I think making a converter is a good idea.

[PaulWAyers]

The basic structure of the converter would be to read in a similarity (or dissimilarity) and then convert it to the other, together with an option that specifies the specific mapping to be used. A basic test is to ensure that the input is recovered after a forward-and-back conversion. (However, not every mapping is invertible.)

[AWBroscius]

The sim2diss paper splits similarity measures into 4 types: similarities, correlations, frequencies, and proportions/probabilties. (See Table 2 in the document)

Do we need conversions for all 4 types of measurement? If so, should we split them into different functions? ( i.e. sim_to_dist(), corr_to_dist(), freq_to_dist() ) There are 12 different conversion methods listed in the paper, and that seems like a lot for a single function to handle.

[PaulWAyers]

My reading of this is that correlations, frequencies, proportions/probabilities, and "similarities" are all types of similarity, in the sense that they are "big for similar things" and "small for dissimilar things." So it is still a similarity <-> dissimilarity issue.

It could be good to offer a simple "scale" parameter to decide whether you want similarities (before conversion or after conversion) to be scaled. Correlations are the "special" similarities where the self-similarity is 1. (Think of relatioship between the statistically correlation matrix (R^2) and the covariance matrix.)

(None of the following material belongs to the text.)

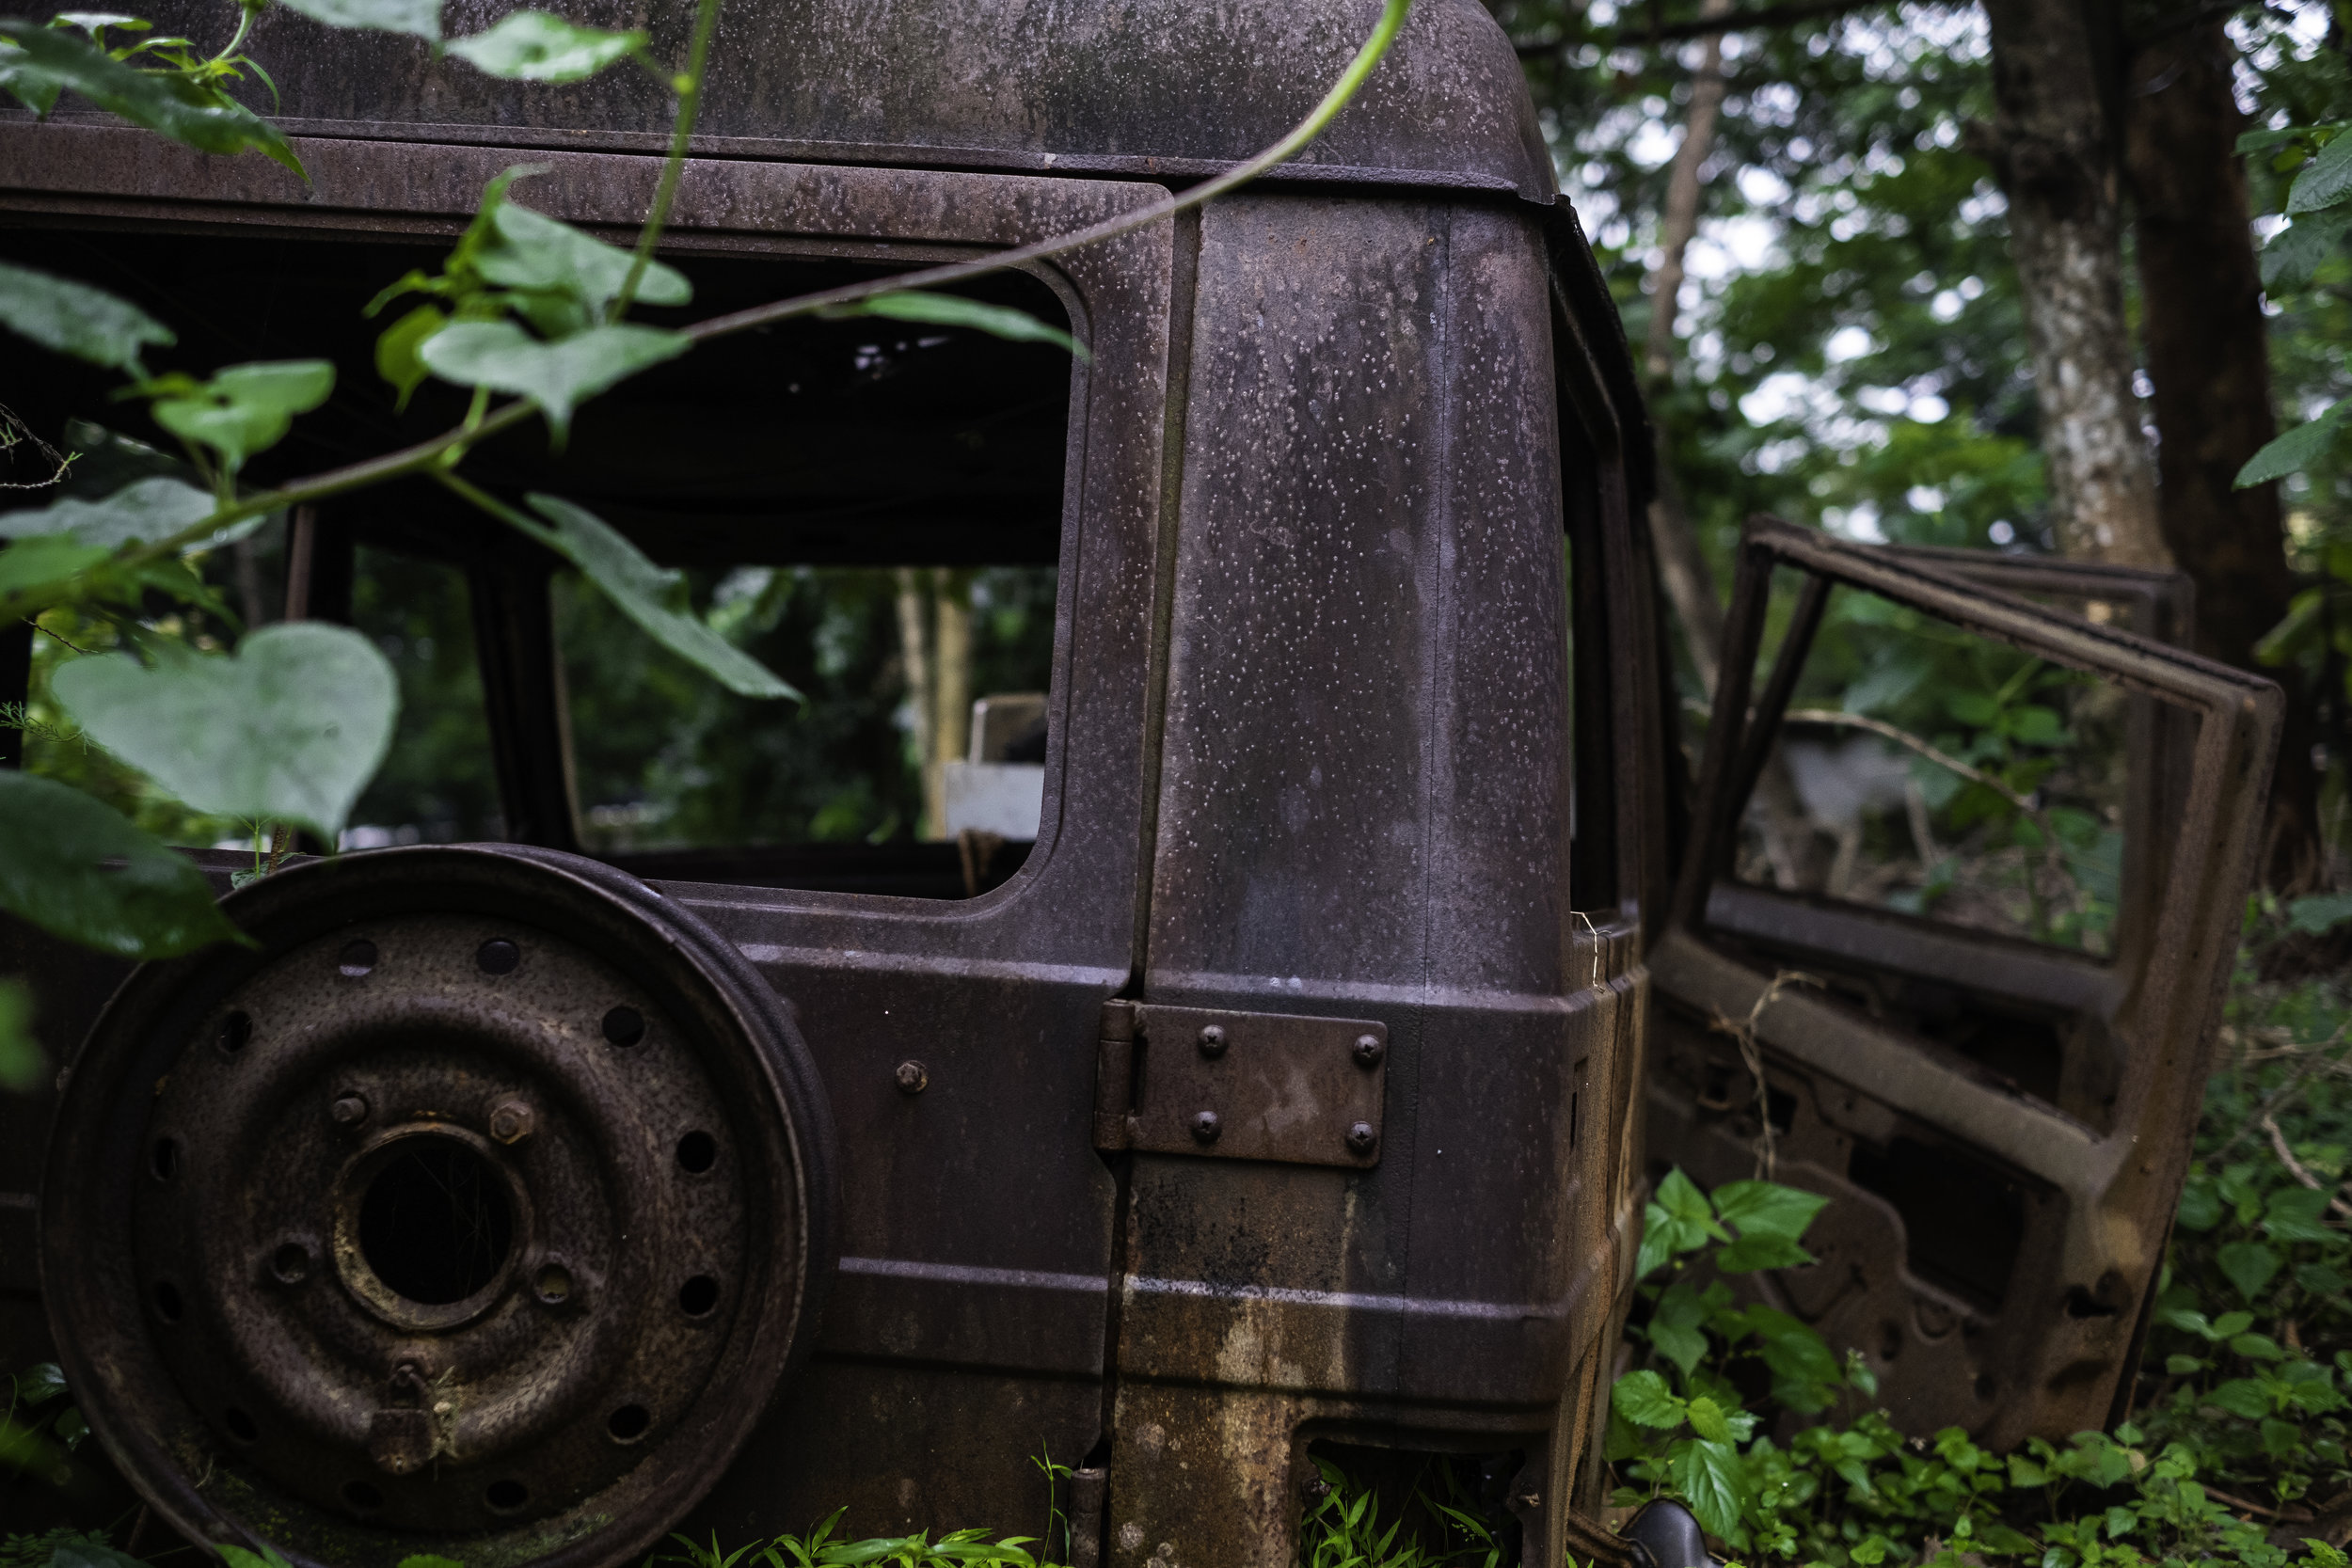   A destroyed jeep still sits where it was last parked in the courtyard of a Catholic compound in Kandhamal, India. During the Summer of 2008, and violent mob of Hindu nationalists forcibly entered the property where they proceeded to rape the nuns a
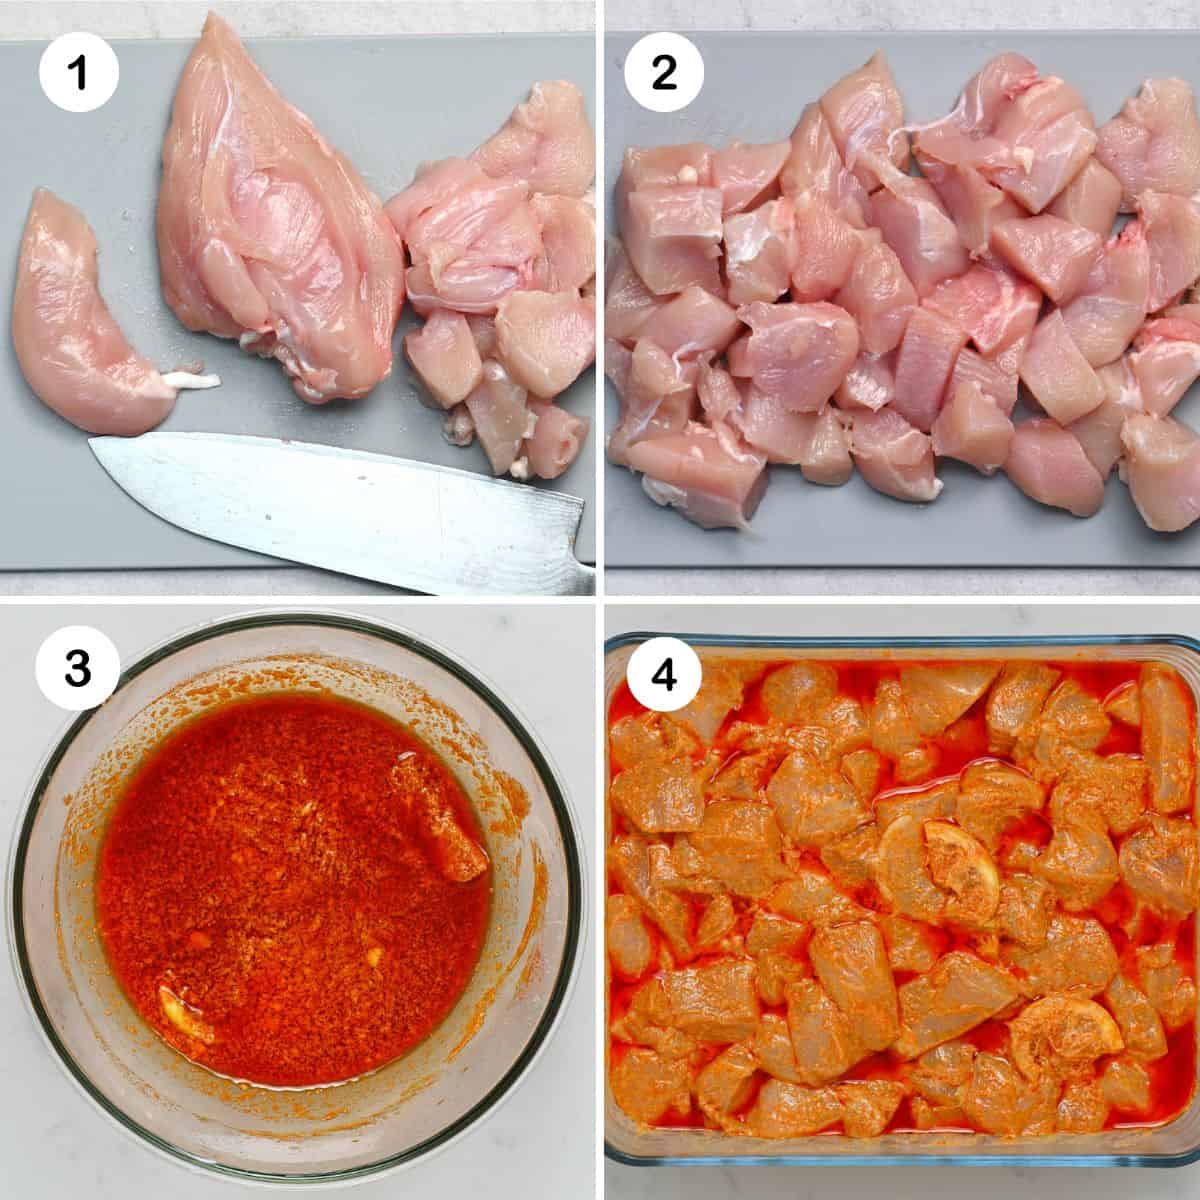 Cutting and marinating chicken breasts

Note that the covariance distance that was mentioned in the old issue (with a typo leaving out the square root) is missing in Table 2,

$$ d(i,j) = \sqrt{s(i,i) + s(j,j) - 2 s(i,j)} $$

Note also that some of these formulas require that similarities are no greater than one. Others merely require that $s(i,j)$ is a positive semidefinite matrix (so that the distance is a positive semidefinite matrix). We may need to implement a "checker" that sees whether matrices are positive semidefinite, but in general we do not have all the distances/similarities. Not that a hard-zero eigenvalue basically indicates that some data is a linear combination of the other data (or, somewhat commonly, that the same data was entered redundantly).

If I were to go ambitious (and I shouldn't), I'd argue for a generic converter from distance to covariance (the reverse is the first equation in this file, as I recall) for the whole Matern class.

[AWBroscius]

I am almost done implementing the rest of the functions in Table 2, as well as the covariance distance. The code I have added is for only the direction similarity --> distance. I have added error checks in individual functions for out of bounds values where they seemed appropriate: correlation, membership, confusion, transition, and probability. Please feel free to let me know if there are any others I have missed. I did these at the individual level because there are a variety of different bounding ranges for the functions used by the converter.

Additionally, the code currently assumes that the given input will be a symmetric similarity matrix. Is this what is expected? If not, what other forms of input should the converter be expected to take in?

[FarnazH]

@AWBroscius, if the data is given as a 2D matrix, it should be symmetric. However, it should also support a 1D array of similarity values (e.g., the upper diagonal elements of the 2D similarity matrix) or (if not too complicated) just a single similarity value.

[FanwangM]

This issue has been addressed and I am closing it now.